**Data shown:**
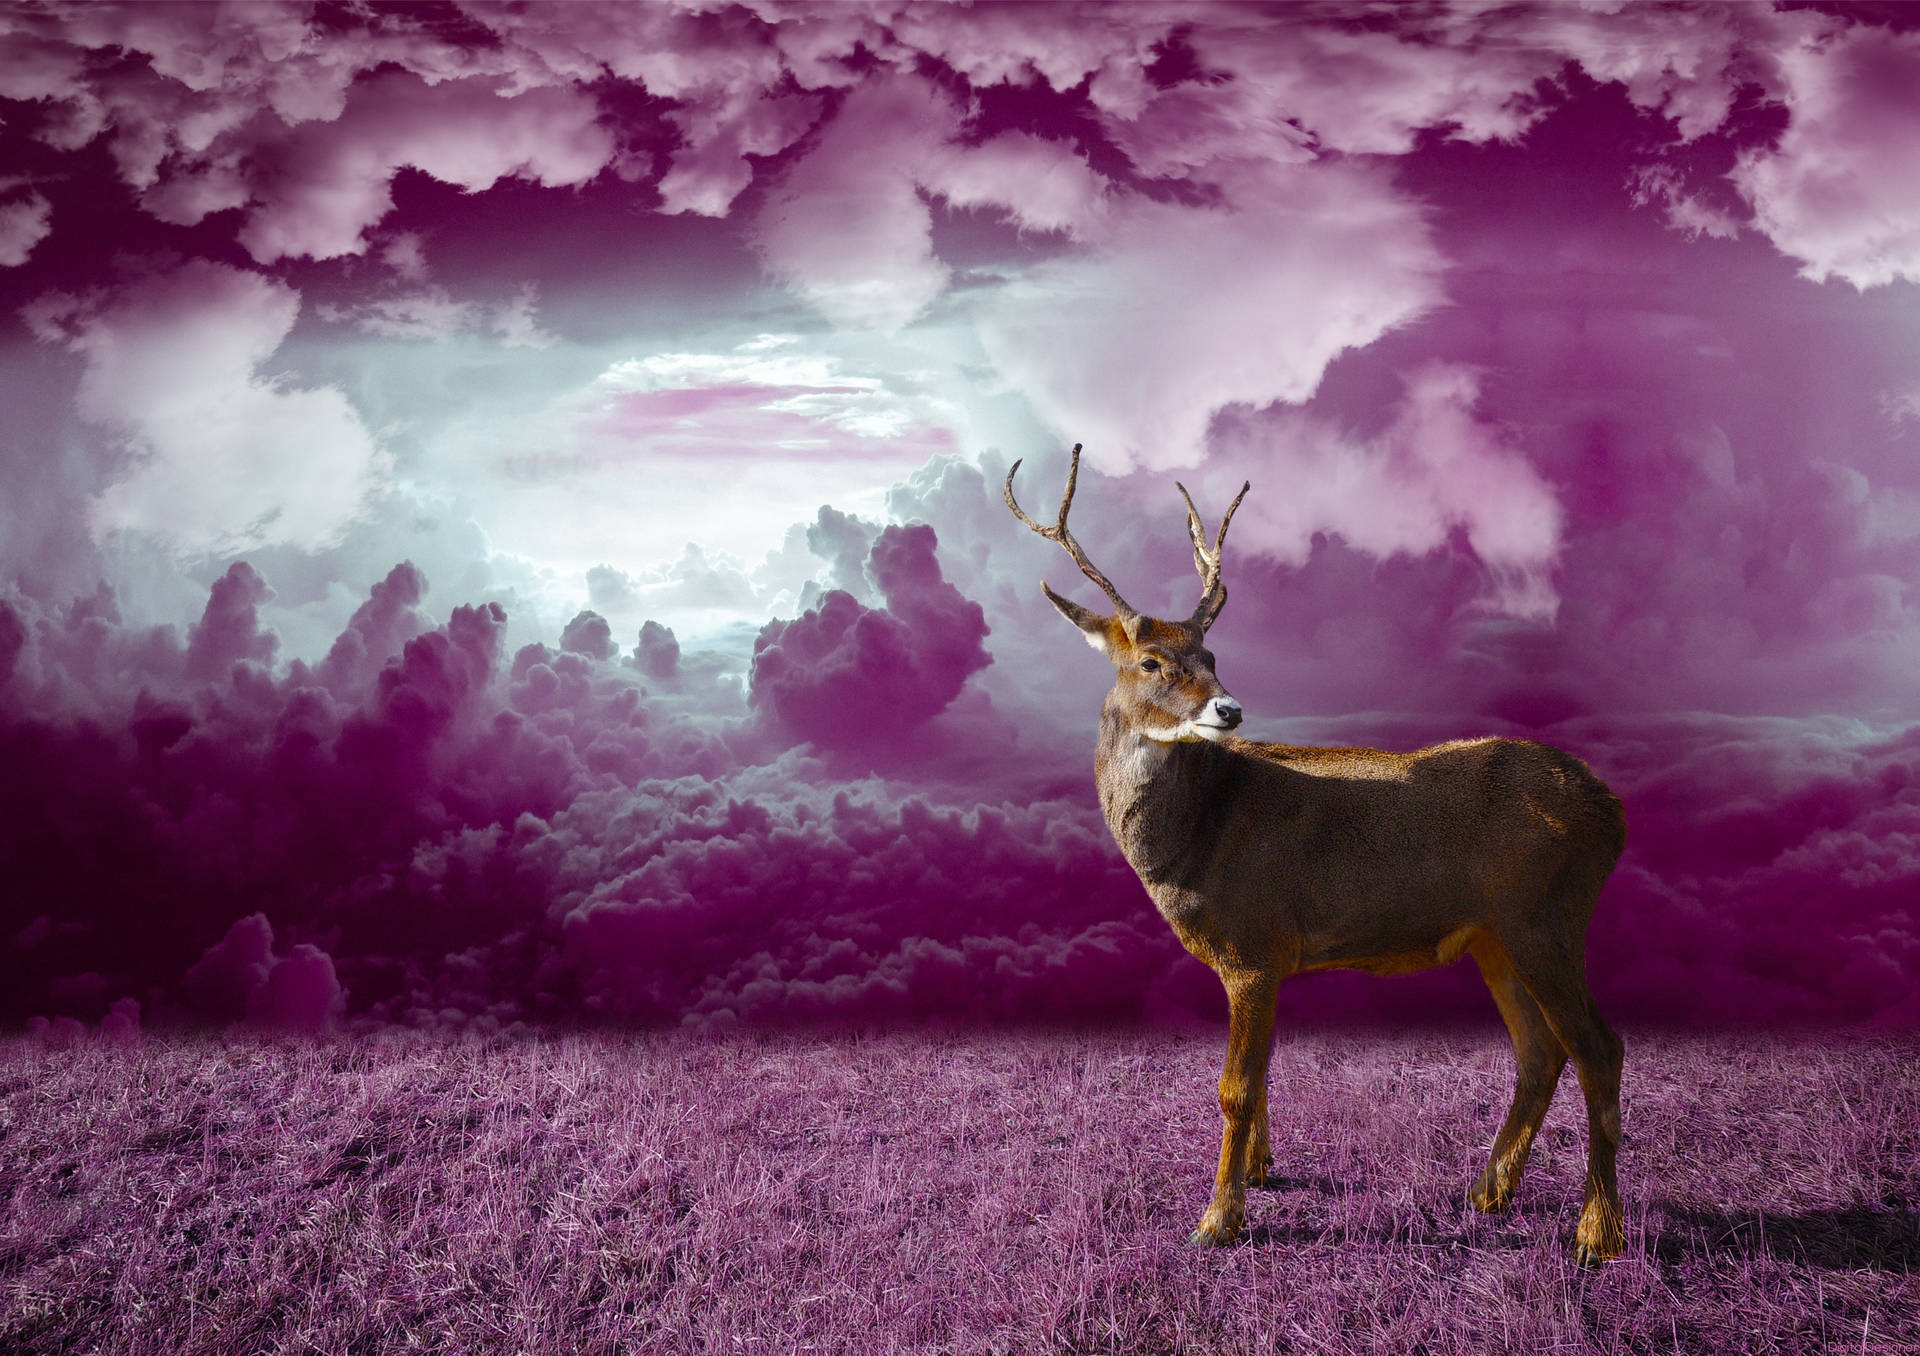 Deer in purple monochrome fantasy art wallpaper.
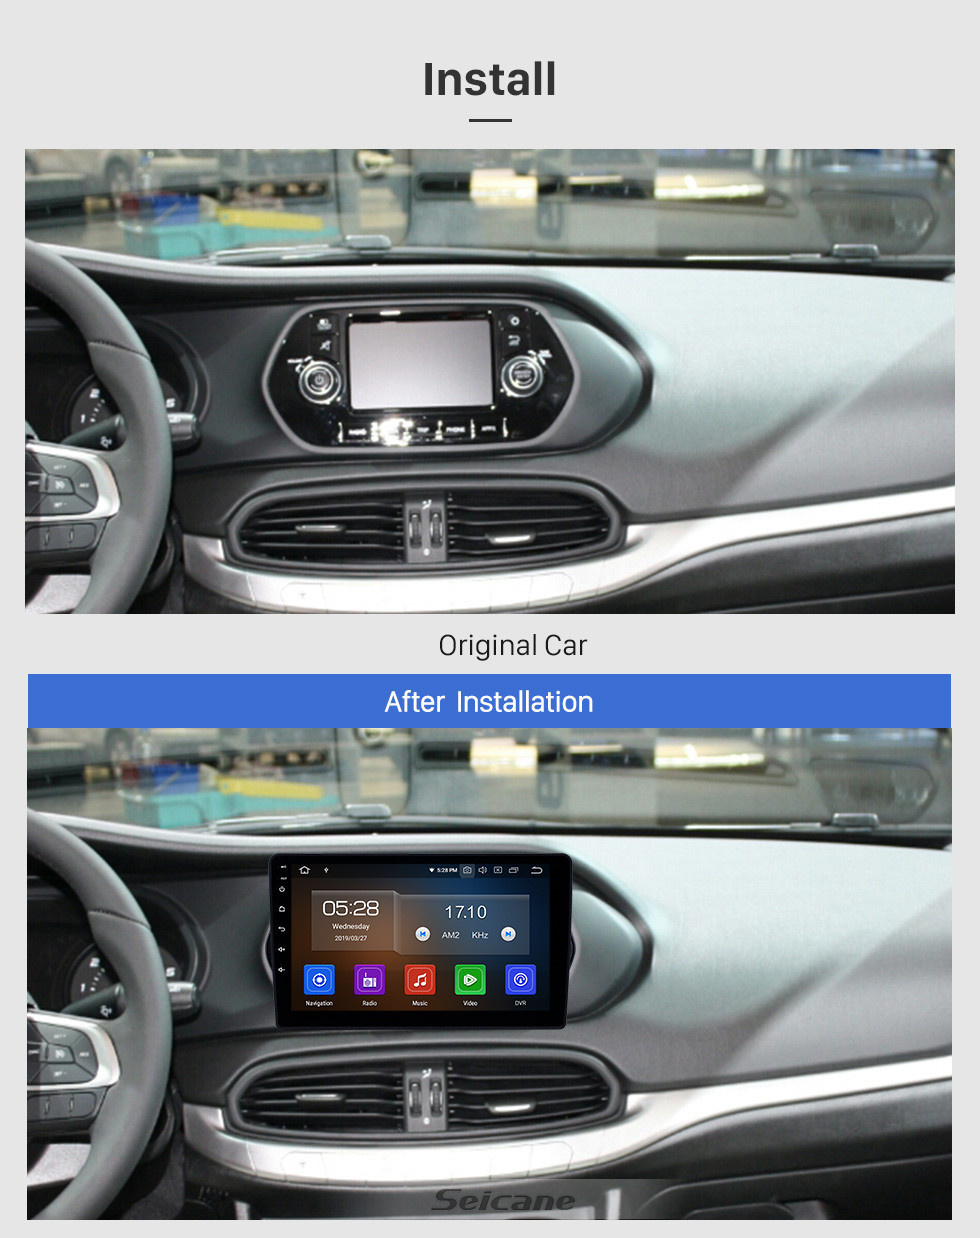 Seicane HD Ecrã Tátil 2015-2018 Fiat EGEA Android 11.0 9 polegada Navegação GPS Rádio Bluetooth WI-FI USB Carplay suporte DAB + TPMS OBD2
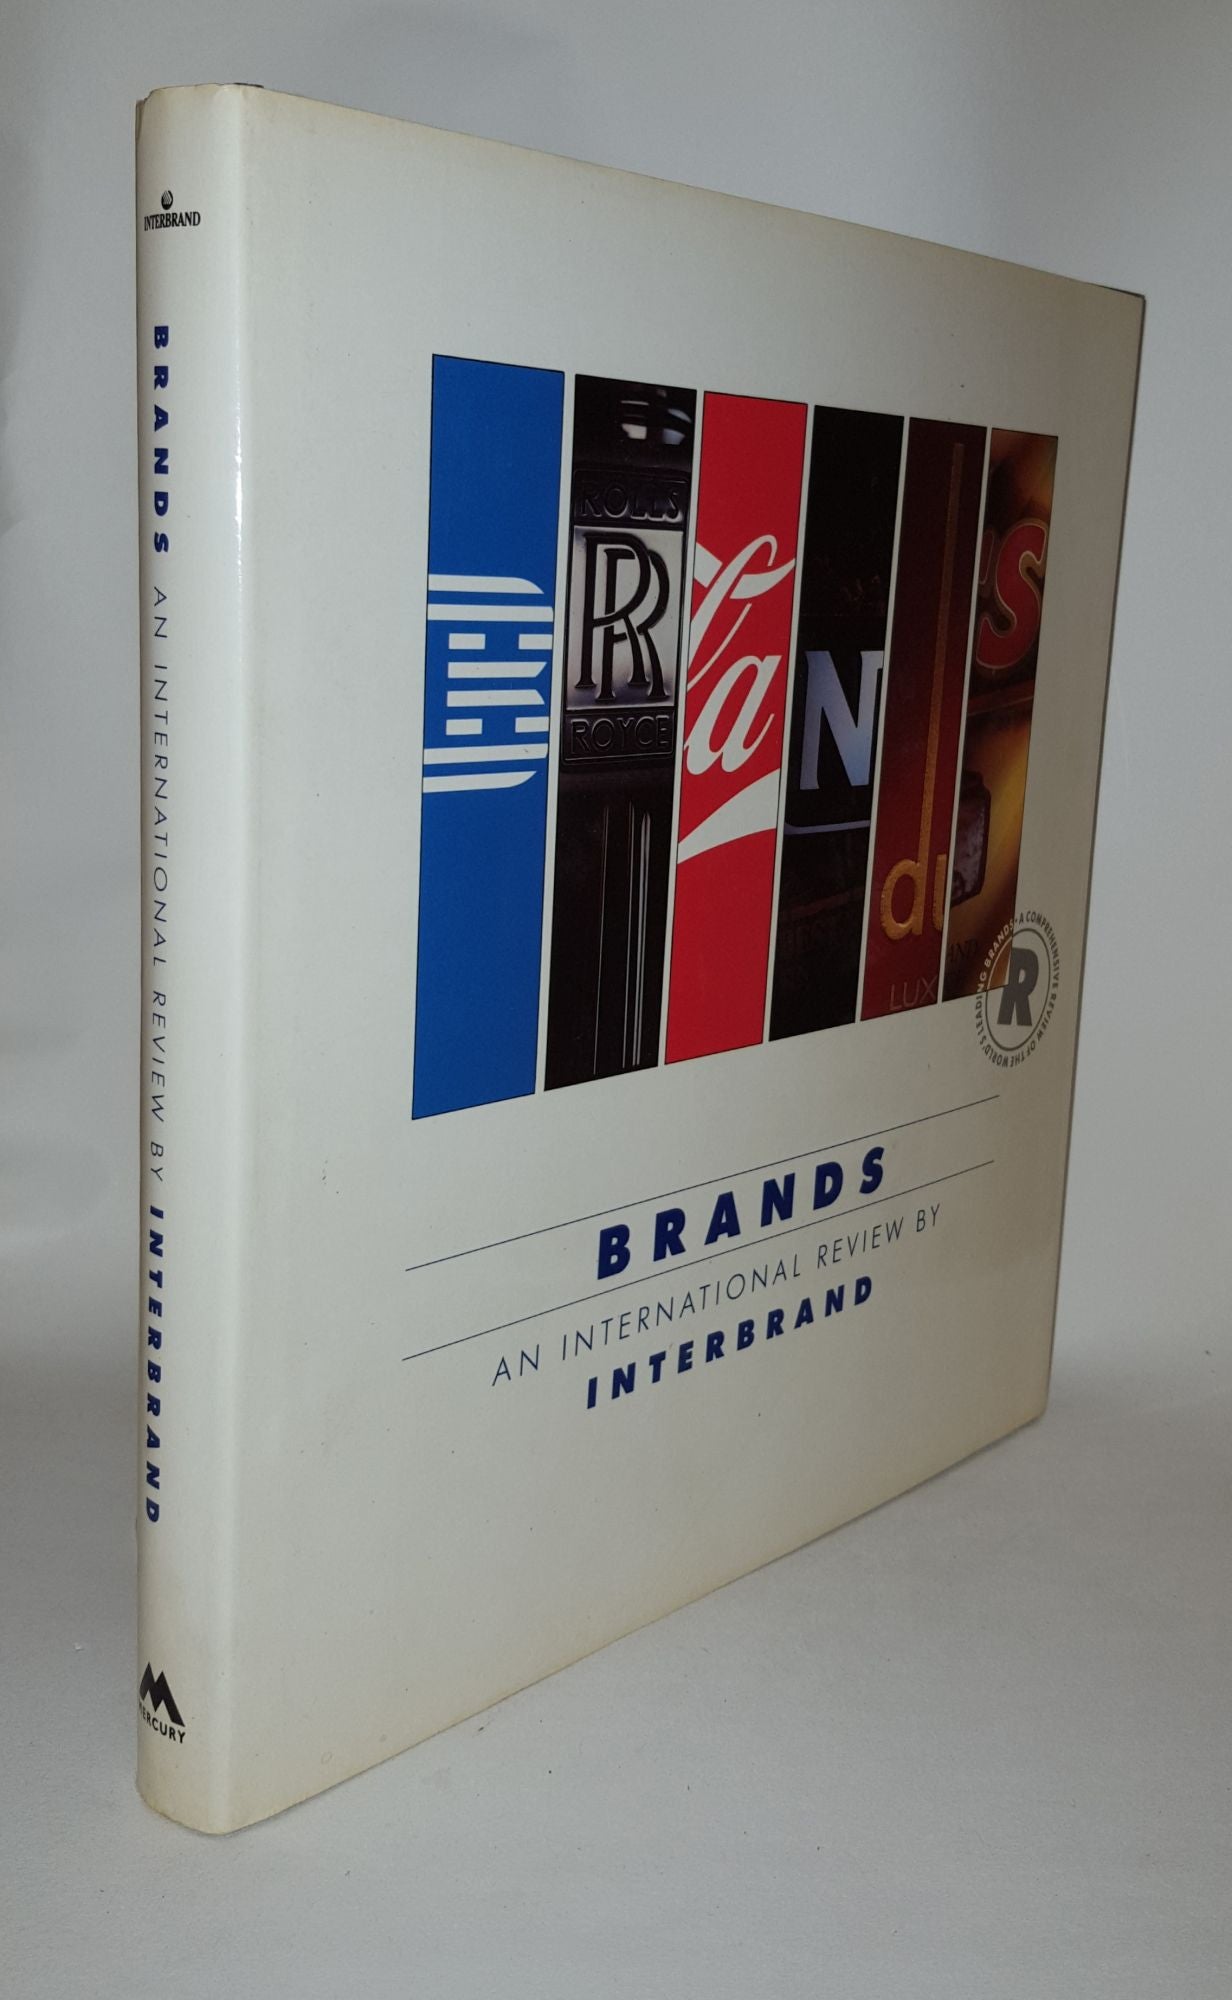 Interbrand - Brands an International Review
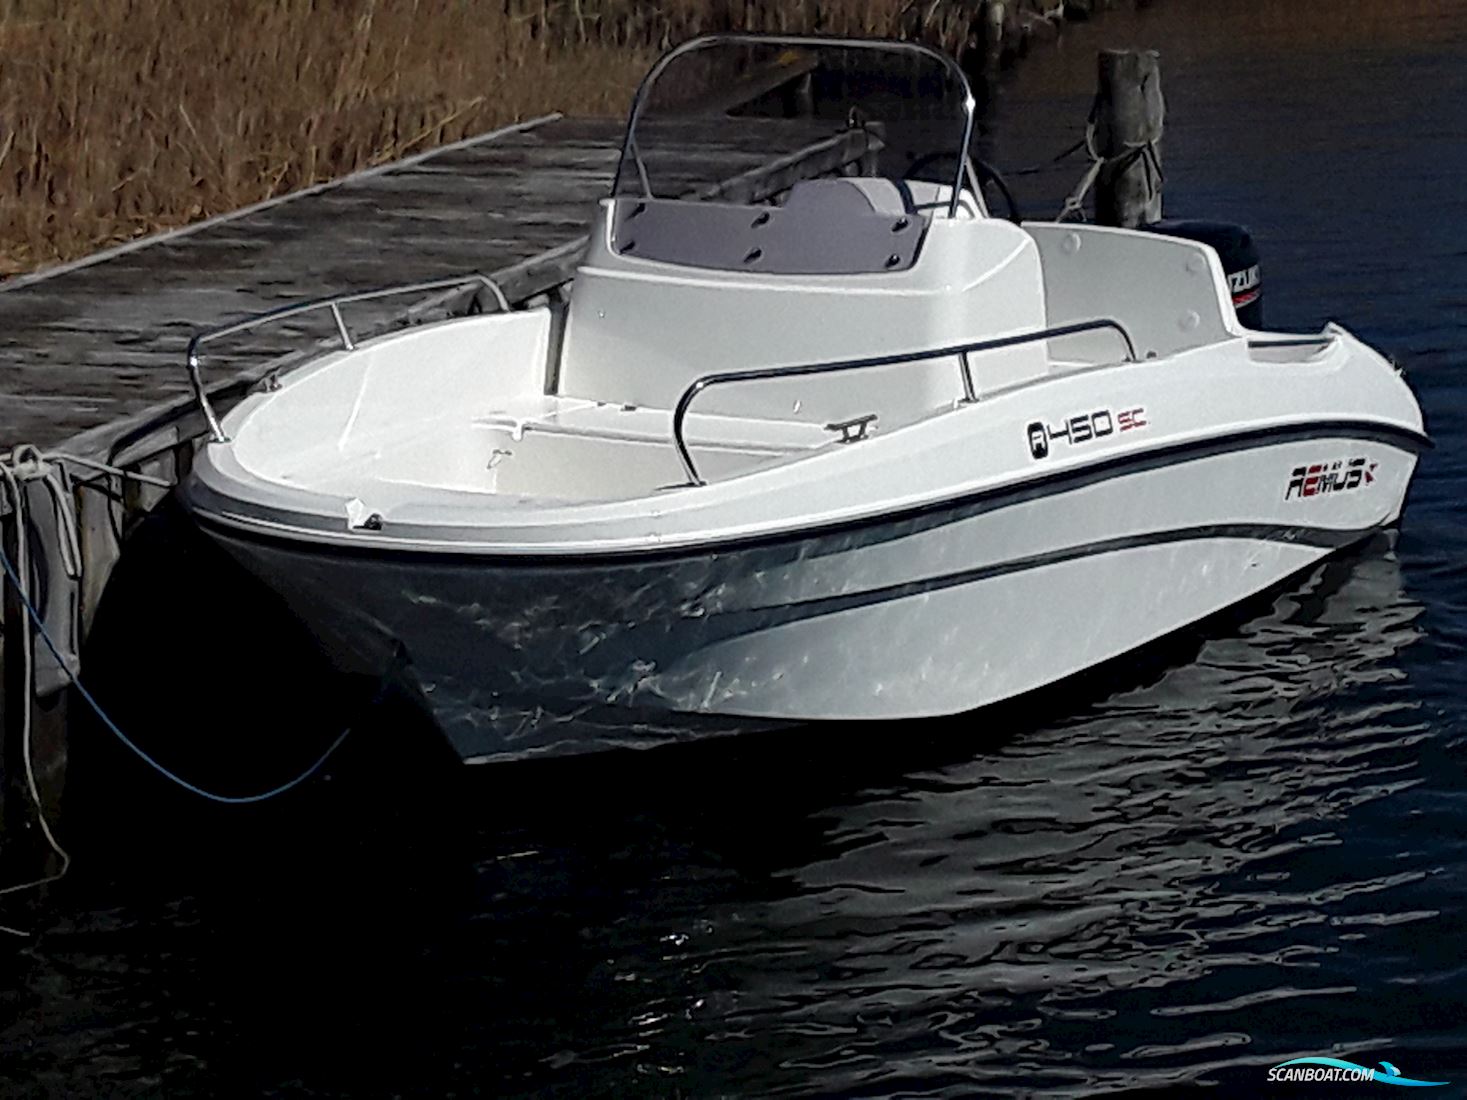 Remus 450 Styrepultbåd Motorbåt 2019, med Suzuki DF60 Atl motor, Danmark

**Task objective:** Without the pictures, copy the material exactly as given.

**Solution to this exercise:**
 Deer in purple monochrome fantasy art wallpaper.
 Seicane HD Ecrã Tátil 2015-2018 Fiat EGEA Android 11.0 9 polegada Navegação GPS Rádio Bluetooth WI-FI USB Carplay suporte DAB + TPMS OBD2
 Interbrand - Brands an International Review
 Remus 450 Styrepultbåd Motorbåt 2019, med Suzuki DF60 Atl motor, Danmark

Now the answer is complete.